Jane asked to come over to meet me.  She didn’t want any unnecessary competition in the agency.  She came over.  I never spoke.  Once again, I sat politely on the sofa and let them talk.  I nodded occasionally.  Jane left, assured I was no competition, as I was clearly a mute with no personality!  A week later, I auditioned for Stark in a scene from Neil Simon’s Barefoot in the Park.  Stark represented the play, as well as its stars, a young Robert Redford and Elizabeth Ashley.  Stark was impressed and excited with my audition, and signed me that day.  Within a week, I was going out to audition for major plays.  Six months later, I was cast as the ingenue lead in a Broadway comedy directed by Gower Champion.  The play was called Three Bags Full.  This was Gower Champion’s first non-musical.  His previous great success was Hello Dolly.

I now had to join Actors Equity, the union for stage actors. This meant I had to choose my professional name. My birth father’s last name was Taylor, my second father’s (or “stepfather”) name was Young. I wanted to honor both these men that I loved. I became Leigh Taylor-Young. However, I did think then that no one would hire me, with such a long, hyphenated name. This proved not to be the case. My professional career began as Leigh Taylor-Young in the spring of 1966, with my Broadway debut in Three Bags Full.


1966: Meeting Ryan

LTY and Ryan

In the spring of 1966, Three Bags Full, a comedy starring Paul Ford, Nancy Marchand, and myself, closed on Broadway. There had been a severe transit strike, and too much loss in ticket sales had occurred due to the lack of transportation in the city. I was disoriented. I was now out of the two-year Neighborhood Playhouse program, and I had no job. The first experience of the “next job insecurity” that affects every actor, hit me hard. Within a month of the plays closing, I had developed pneumonia, probably from the stress of no apparent work. I ended up in Doctors Hospital to recover. While there, I read of a spa in Palm Springs. It appeared to be a health retreat and a place to heal. I called a travel agent to order tickets to Florida. The agent said, “I’m sorry, Palm Springs is in California, not Florida”. I was taken aback. California, what a romantic and faraway place! It seemed much less accessible to me than Florida. I took a risk and said, “All right, I’ll take a ticket to California”.

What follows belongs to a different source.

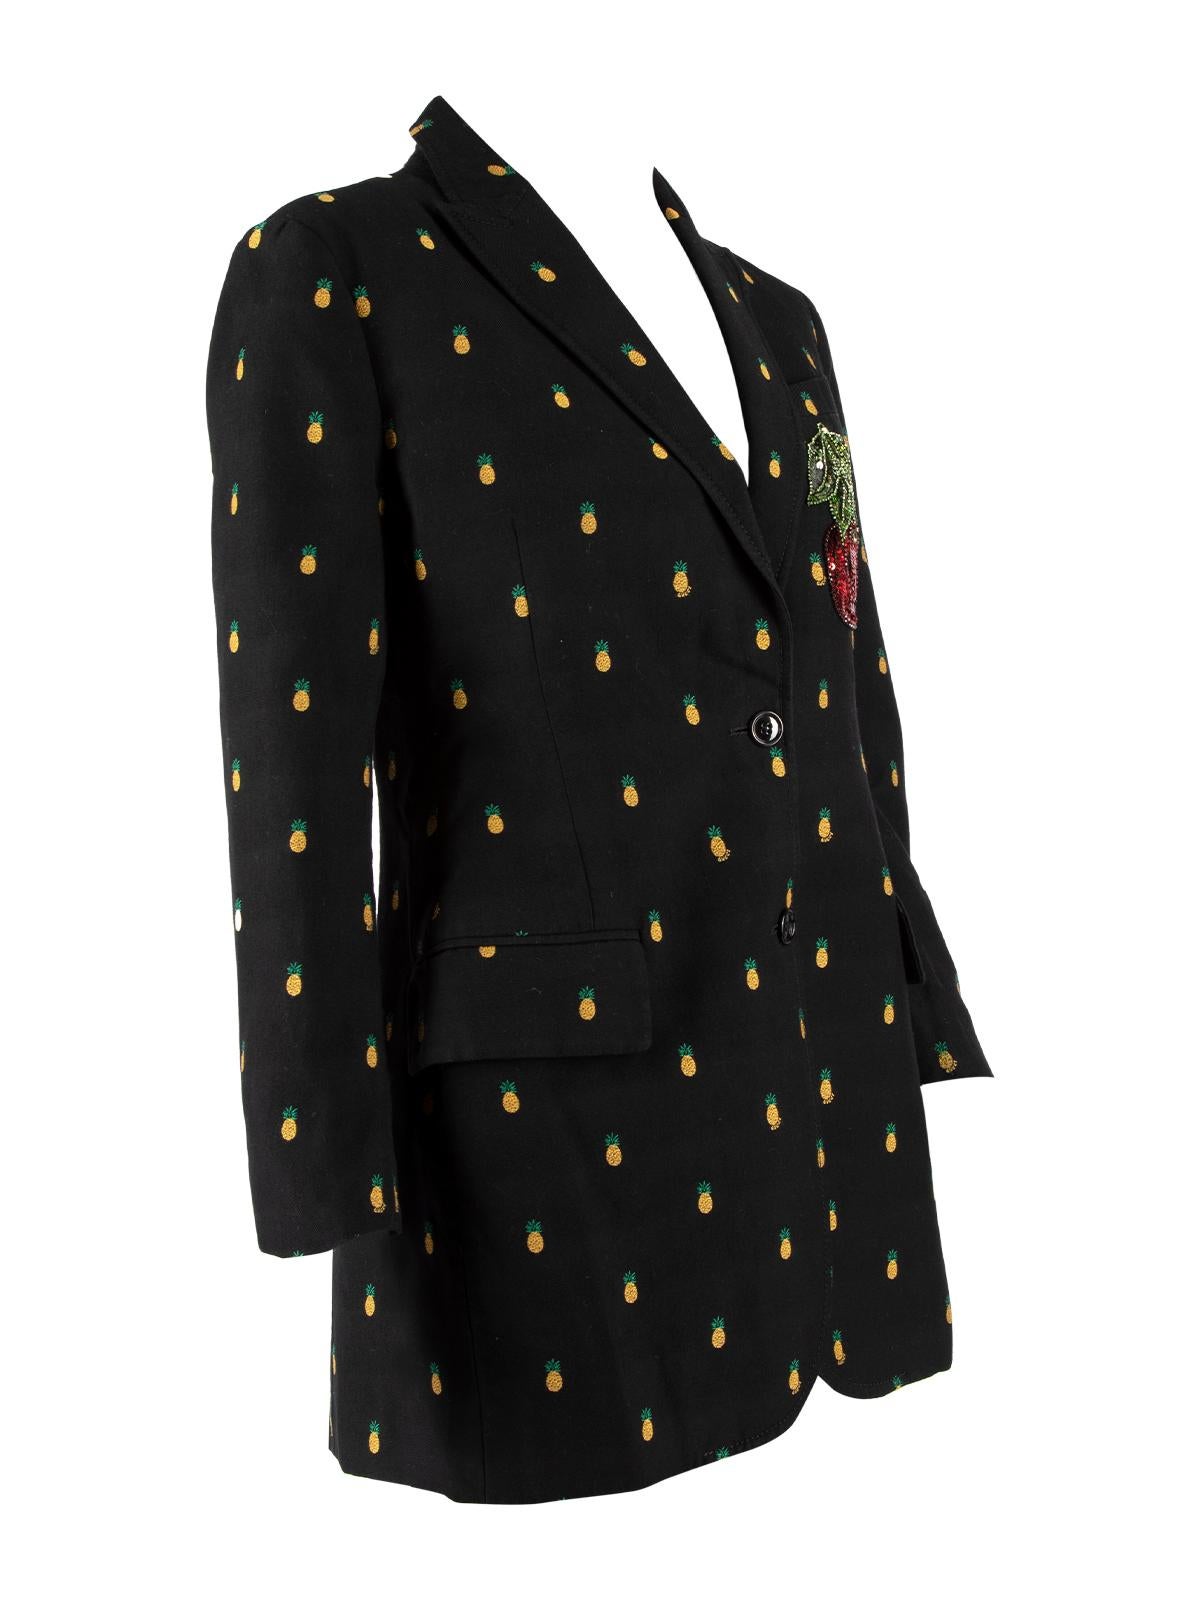 CONDITION is Very good. Hardly any visible wear to blazer is evident on this used Gucci designer resale item. Details Black Cotton and wool Blazer Form fitting Long sleeve V neck Embroidered pattern 2x exterior pockets Single breasted Front button

Within a week, I was in the Palm Springs Spa, run by Anne-Marie Bennstrom, who today owns and runs The Ashram Health Retreat. It was a wonderful place for me and a revelation. There were palm trees, penetrating heat, non-stop clear skies and sunshine, and my first “organic food”. I stayed three weeks instead of one. I had not told my agents I had even left New York City. I did love to disappear occasionally and go where no one could find me. I found that a peaceful, private, and liberating thing to do. I always felt more enriched in myself when I would return. In the third week at the Spa, I finally called my agents to tell them where I was. Stark Hesseltine, my primary agent, said, “You must go to Los Angeles on your way back to New York, meet my West Coast partner, and have some meetings with casting agents and producers”.

I was very reluctant to do this, as I was absolutely clear that Theatre was all I wanted. However, I respected Stark greatly, and I wanted to be an agreeable client. I went to Los Angeles and met with Wally Hiller, a delightful man and agent who immediately set up various meetings. I was innocent and unknowing of how the film and TV industry worked. I enjoyed going here and there for meetings, and didn’t take any of it very seriously. I was looking forward to returning to New York and preparing for the fall auditions in the Theatre. On my third day in Los Angeles, Wally told me I would be meeting the producers of Peyton Place. Peyton Place at that time, in 1966, was in its second year of being a television phenomenon. It was the first American night-time soap opera, and the country was mesmerized by it. It was based on the book, Peyton Place by Grace Metalius. This book had been, in its time, America’s “raciest” novel. The television show, of course, could not be so sexual, but the resonance from the book’s reputation lent a tone of the “forbidden” to our show. It was an ensemble cast of young and beautiful actors who were supported by many fine character actors and former film stars. The predominant young stars were Ryan O’Neal, Mia Farrow, and Barbara Parkins. The older stars included Dorothy Malone, Dan Duryea, Lee Grant, and many more.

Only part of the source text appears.